In het dossier bevindt zich een akte waarin is vermeld dat de dagvaarding om ter terechtzitting in eerste aanleg van 13 september 2023 te verschijnen op 31 augustus 2023 aan de verdachte in persoon is uitgereikt. Bij die dagvaarding is onder het kopje ‘toelichting op de procedure’ onder nummer 9 informatie opgenomen over de uitspraak van de rechtbank en de termijn waarbinnen die uitspraak onherroepelijk wordt en onder nummer 10 is informatie opgenomen over de beroepsmogelijkheden en binnen welke termijn daarvan gebruik kan worden gemaakt. Op basis van de inhoud van het dossier en het verhandelde ter terechtzitting ziet het hof geen redenen om aan te nemen dat de verdachte op 31 augustus 2023 niet de volledige dagvaarding, dus inclusief de beschreven toelichting op de procedure, heeft ontvangen. Voorts blijkt uit het proces-verbaal van de terechtzitting in eerste aanleg van 13 september 2023 dat de verdachte op die terechtzitting is verschenen. Nu de dagvaarding om op de terechtzitting te verschijnen aan de verdachte in persoon is betekend en hij op de terechtzitting waarop de zaak inhoudelijk is behandeld is verschenen, staat ingevolge het bepaalde in artikel 408 van het Wetboek van Strafvordering voor de verdachte gedurende veertien dagen na de uitspraak hoger beroep open. De rechtbank heeft op 27 september 2023 uitspraak gedaan. Uit het proces-verbaal van de terechtzitting van 13 september 2023 blijkt ook dat de voorzitter op die terechtzitting (aan de verdachte) heeft medegedeeld dat de uitspraak van de rechtbank zal plaatsvinden ter terechtzitting van 27 september 2023. De verdachte kon derhalve gedurende veertien dagen na 27 september 2023 tegen het vonnis van de rechtbank hoger beroep instellen. Van de zijde van de verdachte is echter pas op 20 oktober 2023 hoger beroep ingesteld. Het hoger beroep is aldus na het verstrijken van voornoemde termijn van veertien dagen ingesteld. Het hof is niet gebleken van bijzondere omstandigheden op grond waarvan de termijnoverschrijding verschoonbaar zou zijn. De verdachte kan derhalve niet in het hoger beroep worden ontvangen.

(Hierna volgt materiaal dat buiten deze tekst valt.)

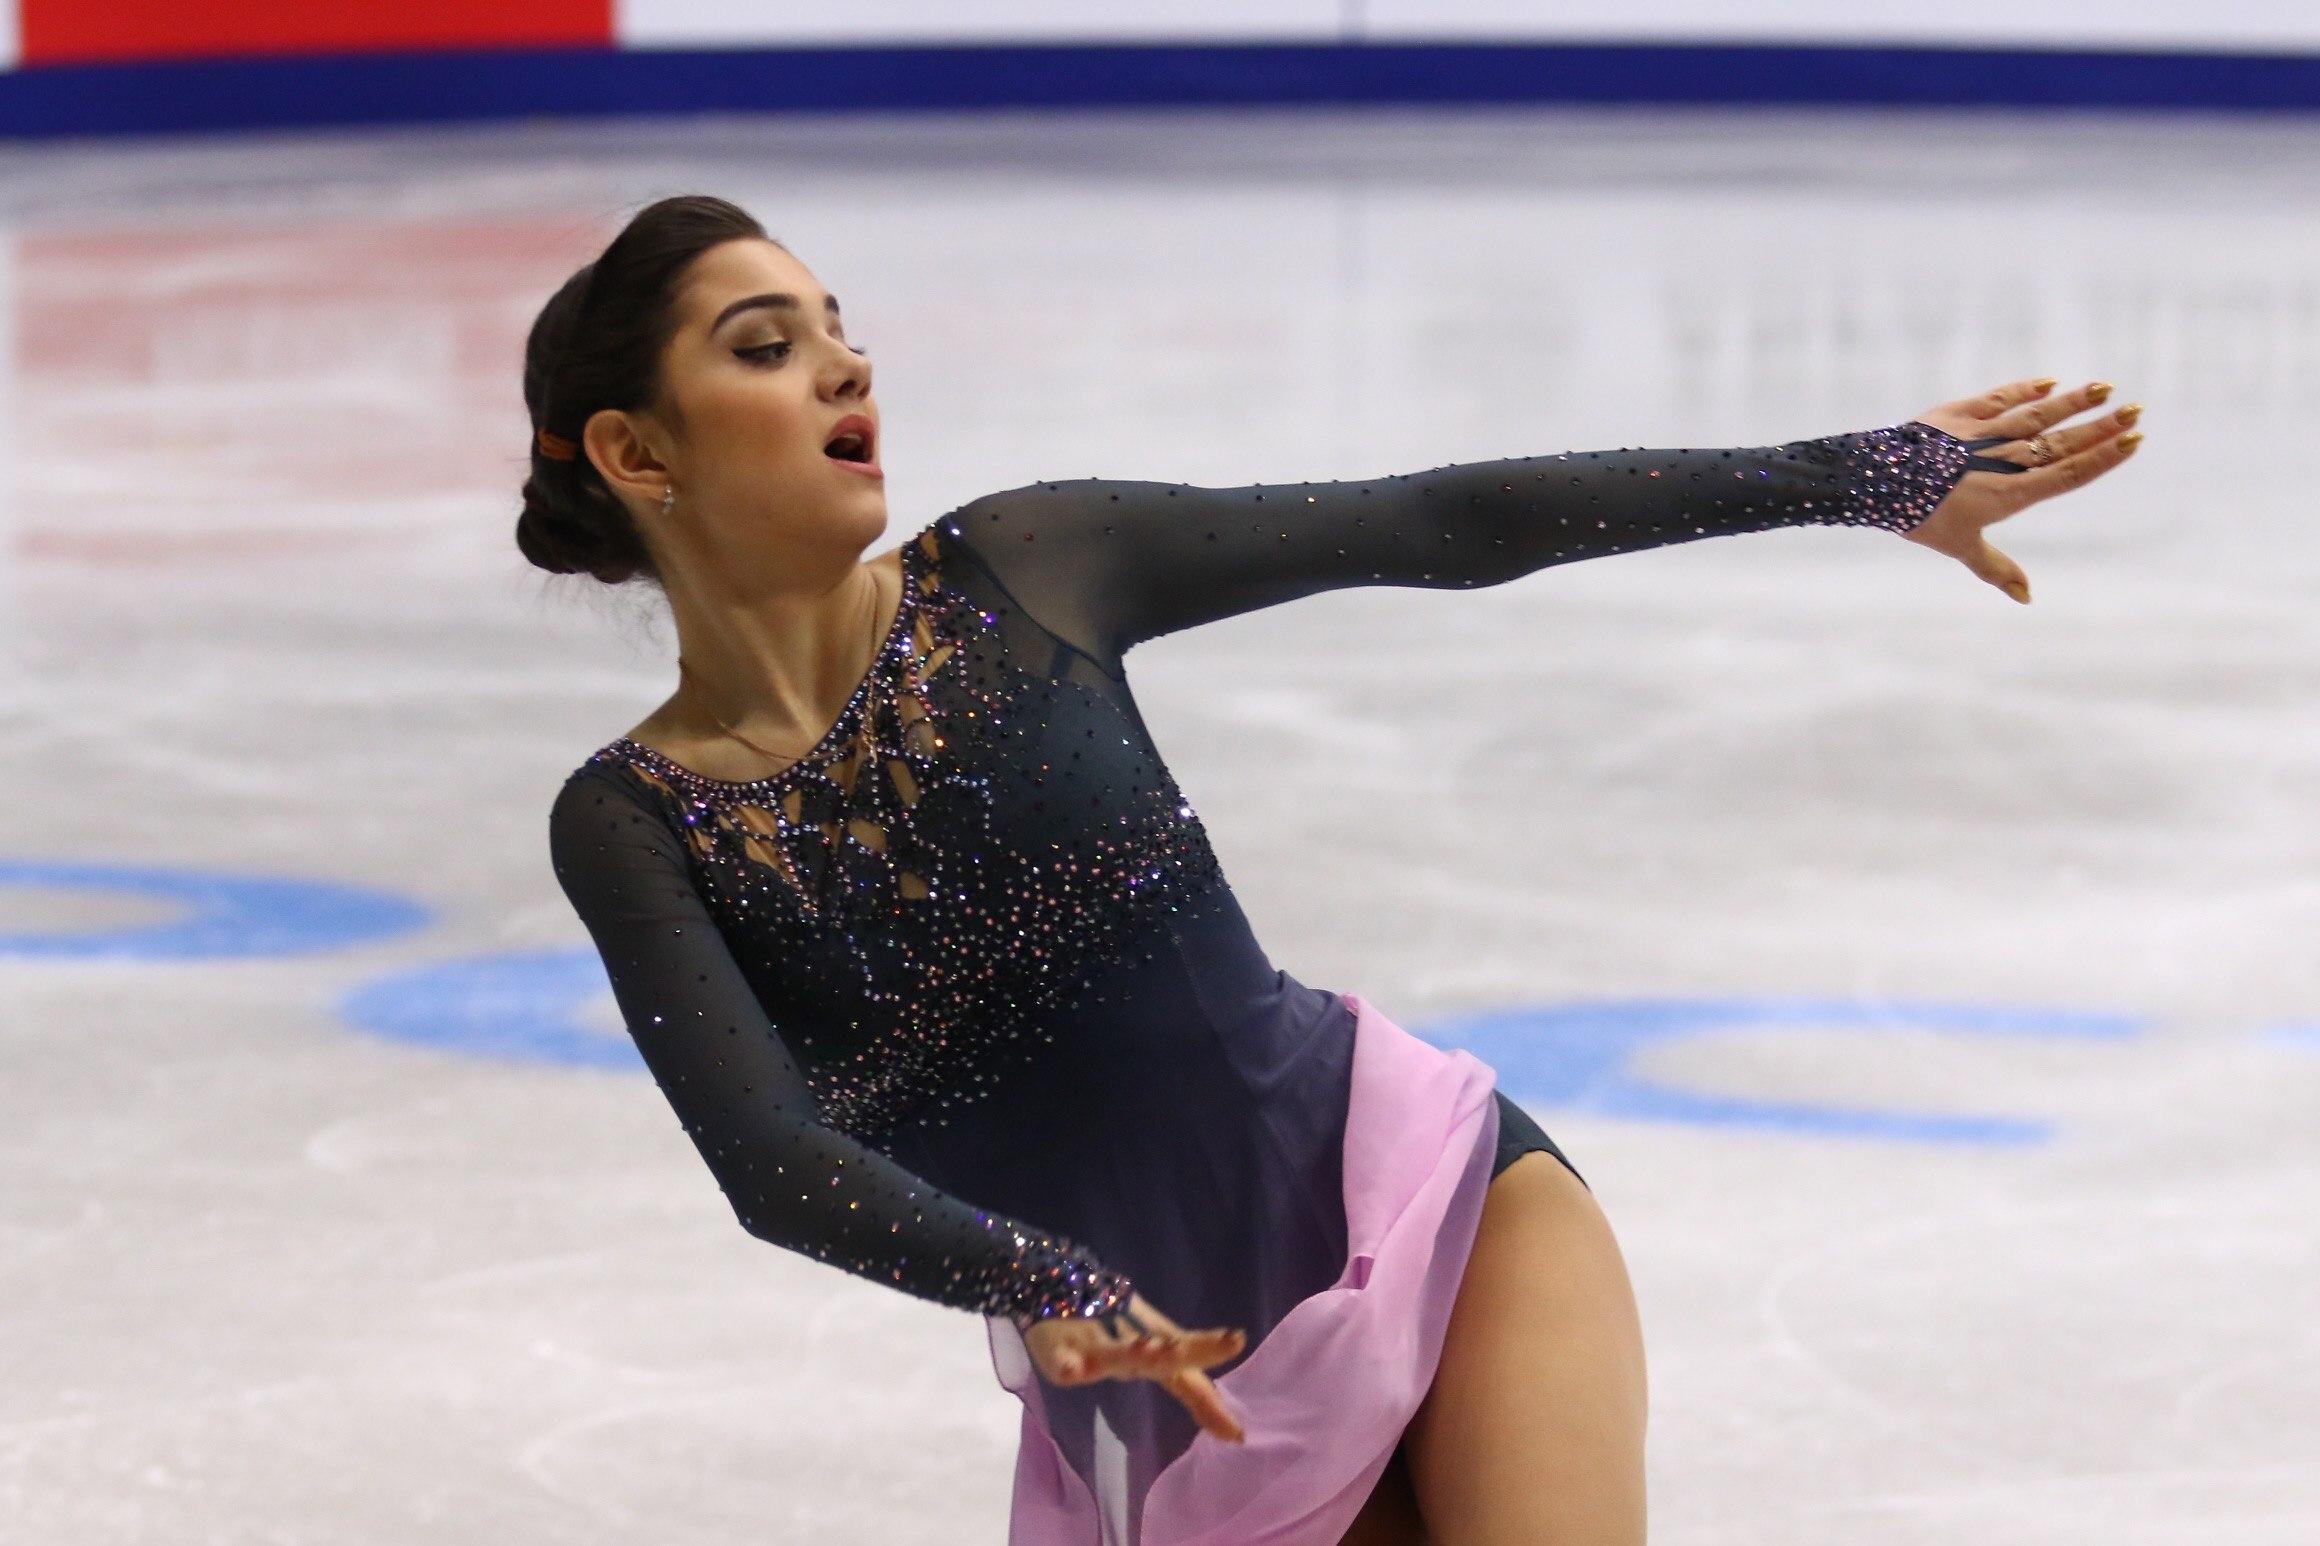 Евгения Медведева - чемпионка России (26.12.2016)

Het hof verwerpt het verweer van de verdediging.

BESLISSING

Het hof:
Verklaart de verdachte niet-ontvankelijk in het hoger beroep.
Aldus gewezen door:
mr. G.J. Schiffers, voorzitter,
mr. Y.G.M. Baaijens-van Geloven en mr. O.A.J.M. Lavrijssen, raadsheren,
in tegenwoordigheid van mr. T.H.J. Menting, griffier,
en op 26 augustus 2024 ter openbare terechtzitting uitgesproken.
mr. Y.G.M. Baaijens-van Geloven en mr. O.A.J.M. Lavrijssen zijn buiten staat dit arrest mede te ondertekenen.